No significant differences in terms of survival across the controls, SC, and AC groups were observed for the first 30 days after TAVR (94.3% vs. 96.9% vs. 93.3%, p = 0.161). However, not entirely unexpected, the 10-year survival was significantly reduced in the AC group compared with SC group and control groups (56.6% vs. 77.6% vs. 76.5%, p = 0.003). The 10-year survival was similar between controls and SC group. Figure 2 depicts the Kaplan-Meier 10-year distribution of survival curves among the 3 groups. In Cox regression analysis, AC was associated with more than a 40% excess risk of all-cause 10-year mortality. Effect sizes remained stable after adjustment for age and gender, as well as multivariable adjustment (Table 4).

Figure 2

The 10-Year Kaplan-Meier Survival Curves in Control, SC, and AC Groups

The Kaplan-Meier survival curves after 10 years of follow-up for the control group (gray), stable cancer (SC) group (blue), and active cancer (AC) group (red). The survival rate was 76.5% in the control group, 77.6 % in the SC group, and 56.6% in the AC group.

Table 4

Association With Cancer and 10-Year Survival by Univariable and Multivariable Cox Regression Analysis

	Control Group (n = 839)		SC Group (n = 196)		AC Group (n = 53)
	HR (95% CI)	p Value	HR (95% CI)	p Value	HR (95% CI)	p Value
Unadjusted	1.00 (ref.)	N/A	0.92 (0.66–1.29)	0.661	1.45 (1.16–1.80)	<0.001
Age- and gender-adjusted	1.00 (ref.)	N/A	0.94 (0.68–1.32)	0.754	1.43 (1.15–1.77)	0.001
Multivariable-adjusted∗	1.00 (ref.)	N/A	0.92 (0.66–1.29)	0.659	1.47 (1.16–1.87)	0.001

CI = confidence interval; HR = hazard ratio; NYHA = New York Heart Association; STS = Society of Thoracic Surgeons; other abbreviations as in Table 1.

Multivariable model included baseline age, gender, STS score, pre-procedural pacemaker, peripheral artery disease, and NYHA functional class.

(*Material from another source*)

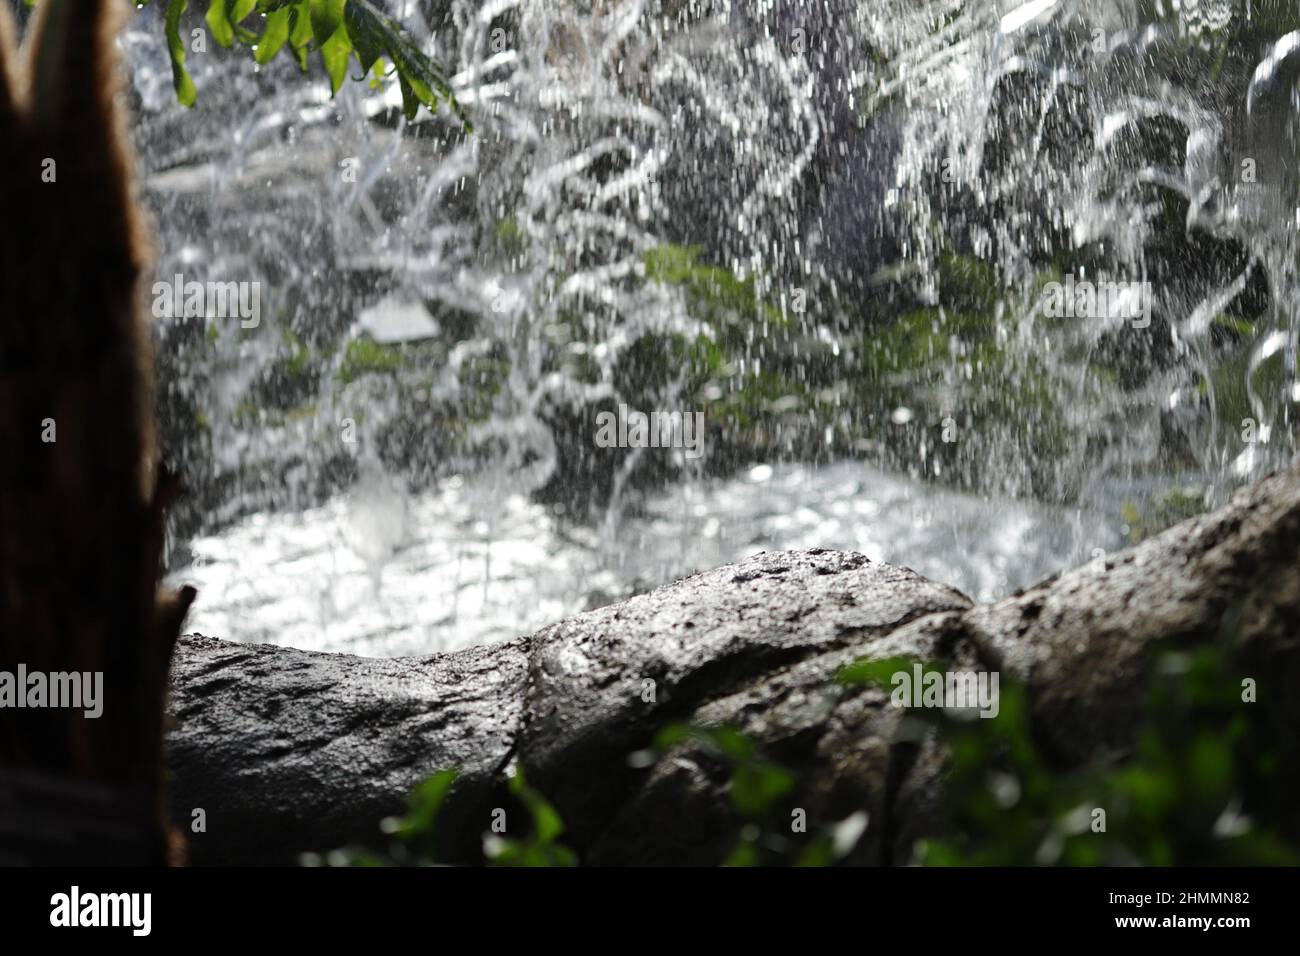 Cascading Water, Humid Rock near Falls and Vegetation Stock Photo

We assessed the influence of metastasis on survival in the cancer group. Patients with metastatic disease had a reduced 10-year survival compared with those without metastasis (46.7% vs. 74.4%, p = 0.008). We determined if one cancer type had worse mortality compared with other cancer types, and found no cancer type to be significant. This may have been because of the small number of patients in each cancer type group (Supplemental Table 2).

Discussion

The rationale for this analysis was to determine the impact of active and stable cancer on periprocedural complications and short- and long-term survival in a single-center cohort of patients treated with TAVR. The main findings are: 1) a high percentage of patients (22.9%) treated with TAVR had cancer; 2) TAVR is safe in patients with cancer, with similar periprocedural complication rates compared with patients without cancer; 3) patients with cancer showed 30-day survival rates similar to controls; and 4) patients with AC had reduced 10-year survival rates compared with SC and control patients treated with TAVR, an observation that was significant after multivariable adjustment.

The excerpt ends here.